John Tukey almost always dressed very casually. He would go into an important office and it would take a long time before the other fellow realized that this is a first-class man and he had better listen. For a long time John has had to overcome this kind of hostility. It's wasted effort! I didn't say you should conform; I said ``The appearance of conforming gets you a long way.'' If you chose to assert your ego in any number of ways, ``I am going to do it my way,'' you pay a small steady price throughout the whole of your professional career. And this, over a whole lifetime, adds up to an enormous amount of needless trouble.

By taking the trouble to tell jokes to the secretaries and being a little friendly, I got superb secretarial help. For instance, one time for some idiot reason all the reproducing services at Murray Hill were tied up. Don't ask me how, but they were. I wanted something done. My secretary called up somebody at Holmdel, hopped the company car, made the hour-long trip down and got it reproduced, and then came back. It was a payoff for the times I had made an effort to cheer her up, tell her jokes and be friendly; it was that little extra work that later paid off for me. By realizing you have to use the system and studying how to get the system to do your work, you learn how to adapt the system to your desires. Or you can fight it steadily, as a small undeclared war, for the whole of your life.

And I think John Tukey paid a terrible price needlessly. He was a genius anyhow, but I think it would have been far better, and far simpler, had he been willing to conform a little bit instead of ego asserting. He is going to dress the way he wants all of the time. It applies not only to dress but to a thousand other things; people will continue to fight the system. Not that you shouldn't occasionally!

When they moved the library from the middle of Murray Hill to the far end, a friend of mine put in a request for a bicycle. Well, the organization was not dumb. They waited awhile and sent back a map of the grounds saying, ``Will you please indicate on this map what paths you are going to take so we can get an insurance policy covering you.'' A few more weeks went by. They then asked, ``Where are you going to store the bicycle and how will it be locked so we can do so and so.'' He finally realized that of course he was going to be red-taped to death so he gave in. He rose to be the President of Bell Laboratories.

Barney Oliver was a good man.

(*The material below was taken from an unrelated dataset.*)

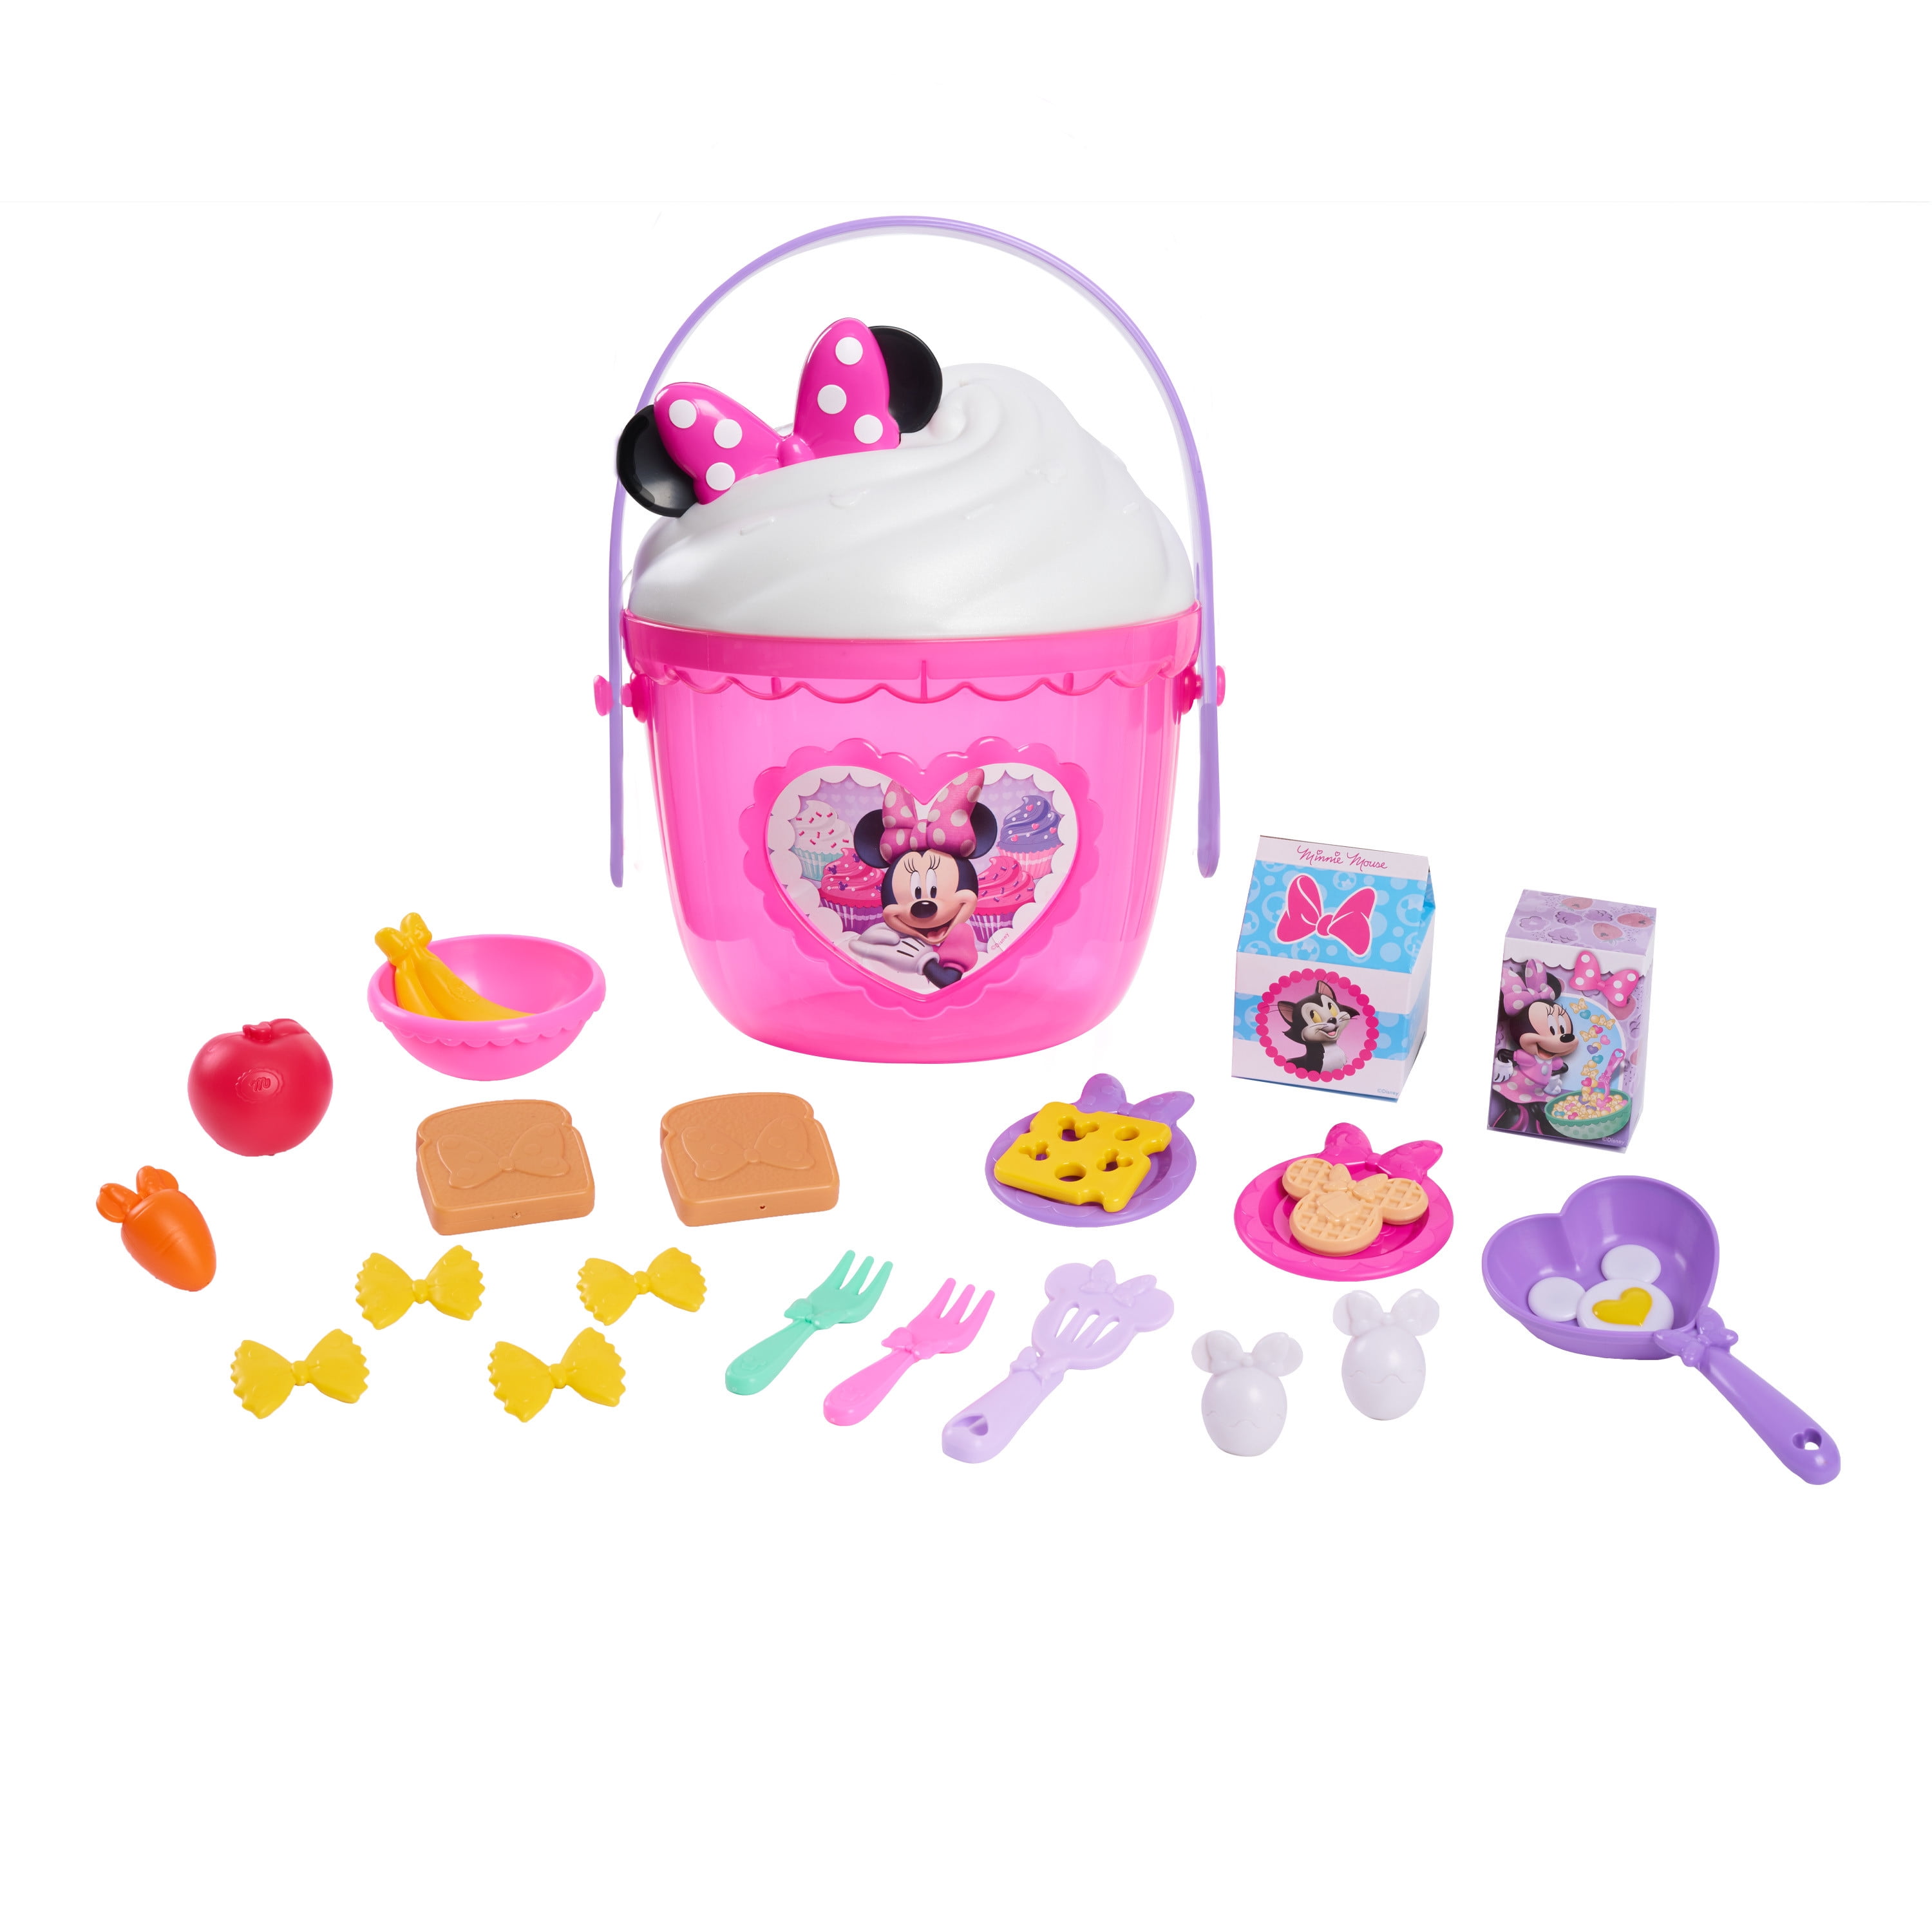 Disney Junior Minnie Mouse Fab Food Bucket, 25-pieces, Pretend Kitchen Playset, Officially Licensed Kids Toys for Ages 3 Up, Gifts and Presents
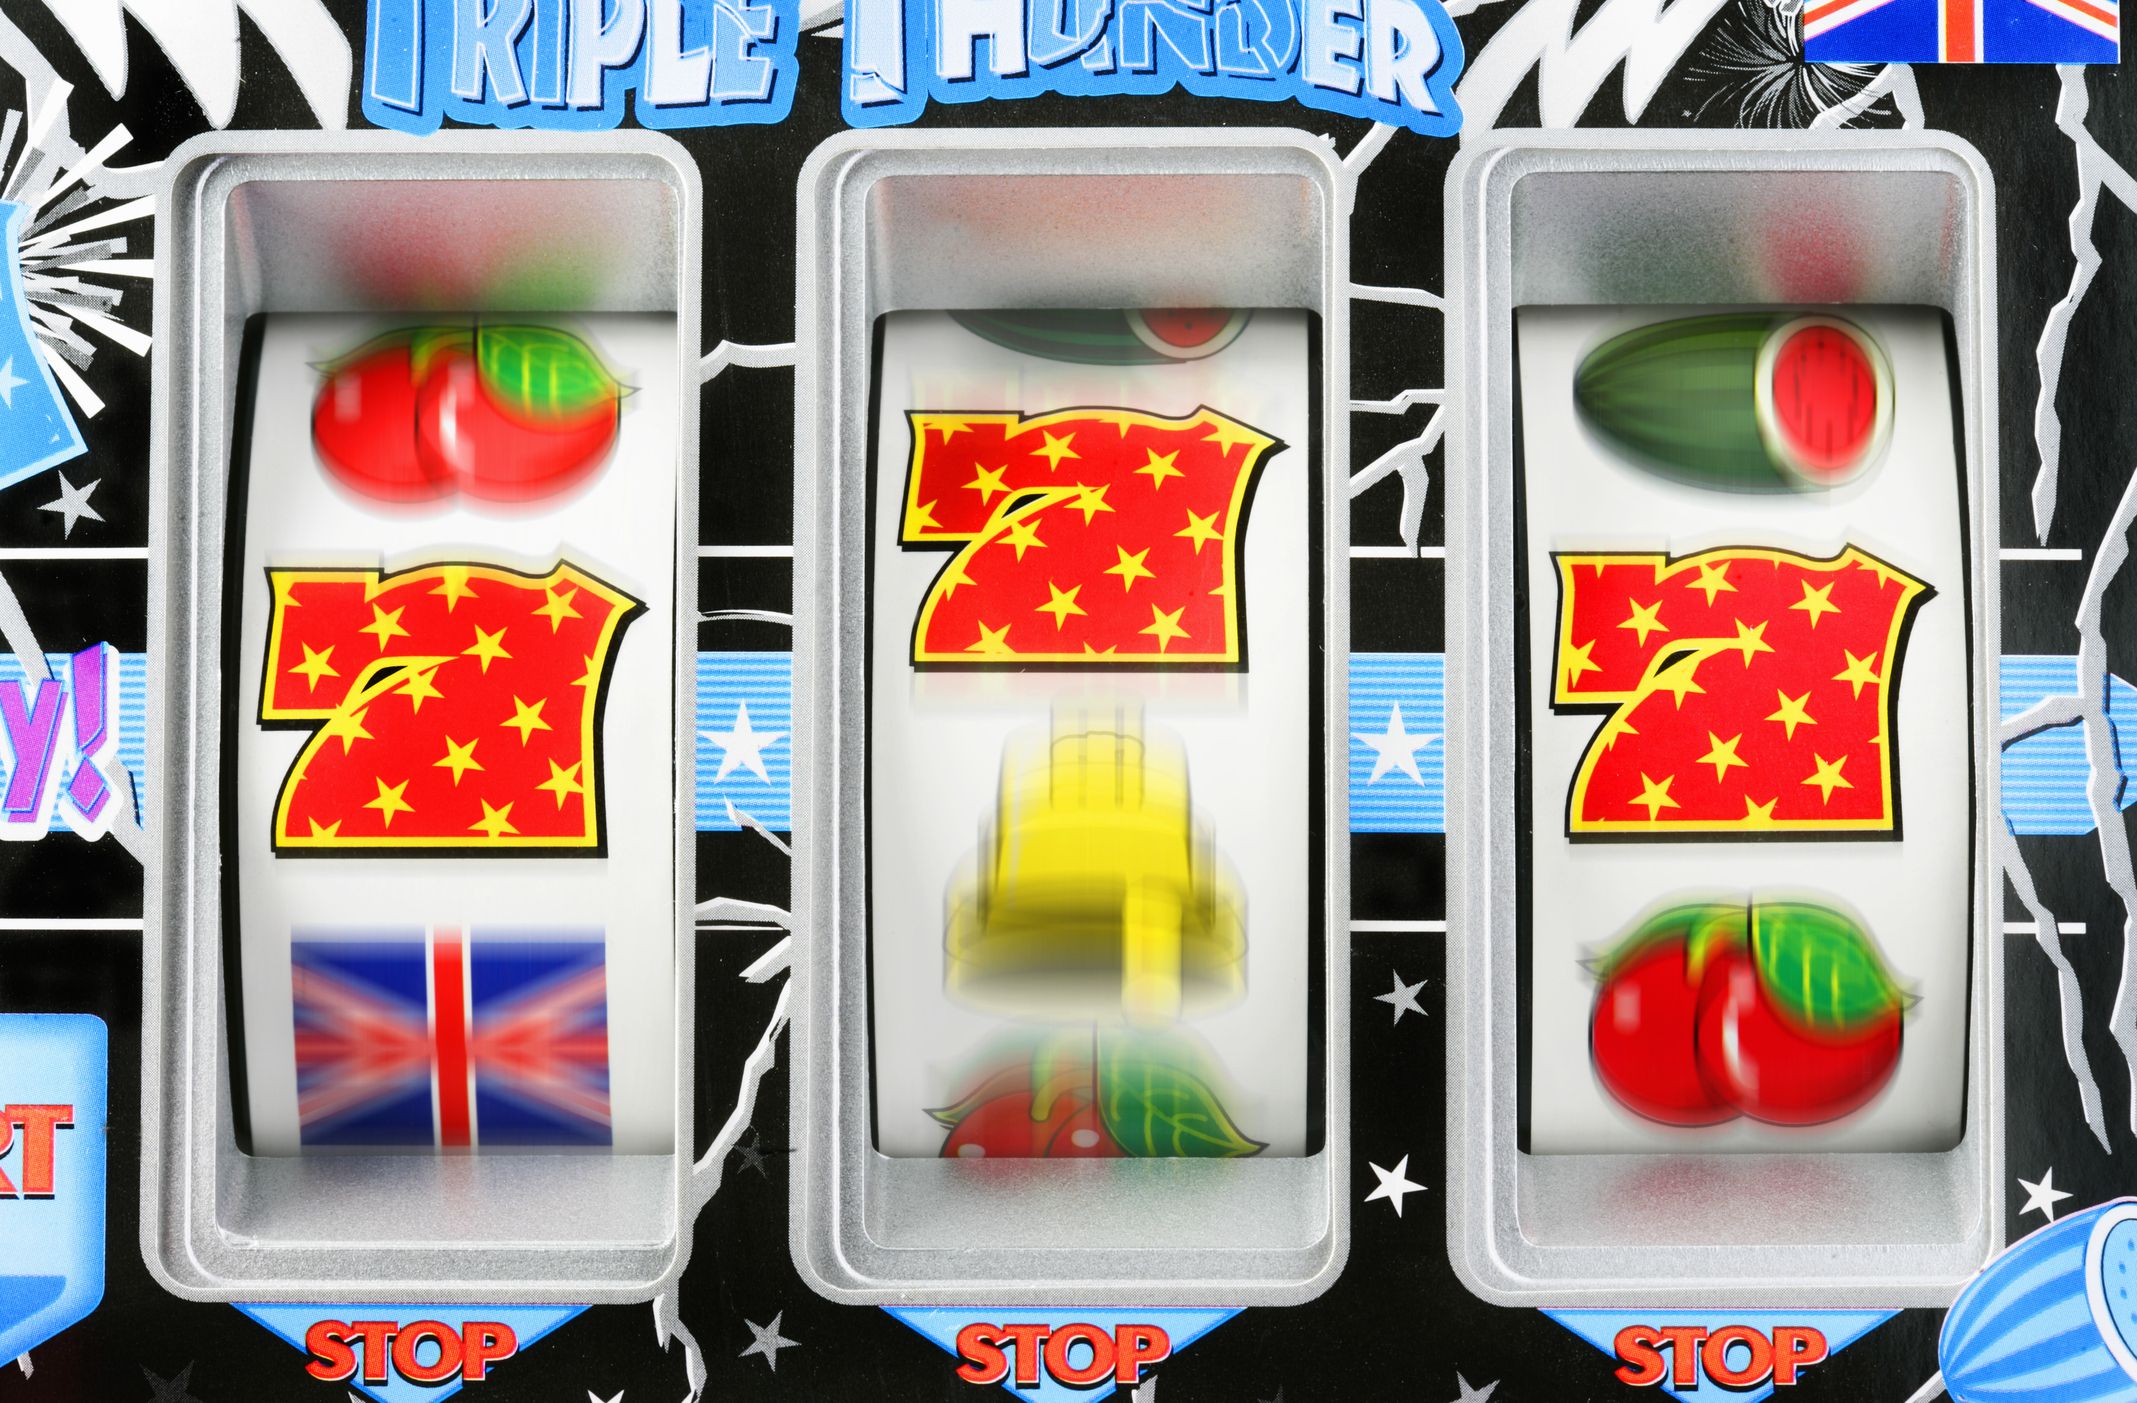 How To Read The Bingo Patterns On Slot Machines

He wrote a letter one time to the IEEE. At that time the official shelf space at Bell Labs was so much and the height of the IEEE Proceedings at that time was larger; and since you couldn't change the size of the official shelf space he wrote this letter to the IEEE Publication person saying, ``Since so many IEEE members were at Bell Labs and since the official space was so high the journal size should be changed.'' He sent it for his boss's signature. Back came a carbon with his signature, but he still doesn't know whether the original was sent or not. I am not saying you shouldn't make gestures of reform. I am saying that my study of able people is that they don't get themselves committed to that kind of warfare. They play it a little bit and drop it and get on with their work.

Many a second-rate fellow gets caught up in some little twitting of the system, and carries it through to warfare. He expends his energy in a foolish project. Now you are going to tell me that somebody has to change the system. I agree; somebody's has to. Which do you want to be? The person who changes the system or the person who does first-class science? Which person is it that you want to be? Be clear, when you fight the system and struggle with it, what you are doing, how far to go out of amusement, and how much to waste your effort fighting the system. My advice is to let somebody else do it and you get on with becoming a first-class scientist. Very few of you have the ability to both reform the system and become a first-class scientist.

On the other hand, we can't always give in. There are times when a certain amount of rebellion is sensible. I have observed almost all scientists enjoy a certain amount of twitting the system for the sheer love of it. What it comes down to basically is that you cannot be original in one area without having originality in others. Originality is being different. You can't be an original scientist without having some other original characteristics. But many a scientist has let his quirks in other places make him pay a far higher price than is necessary for the ego satisfaction he or she gets. I'm not against all ego assertion; I'm against some.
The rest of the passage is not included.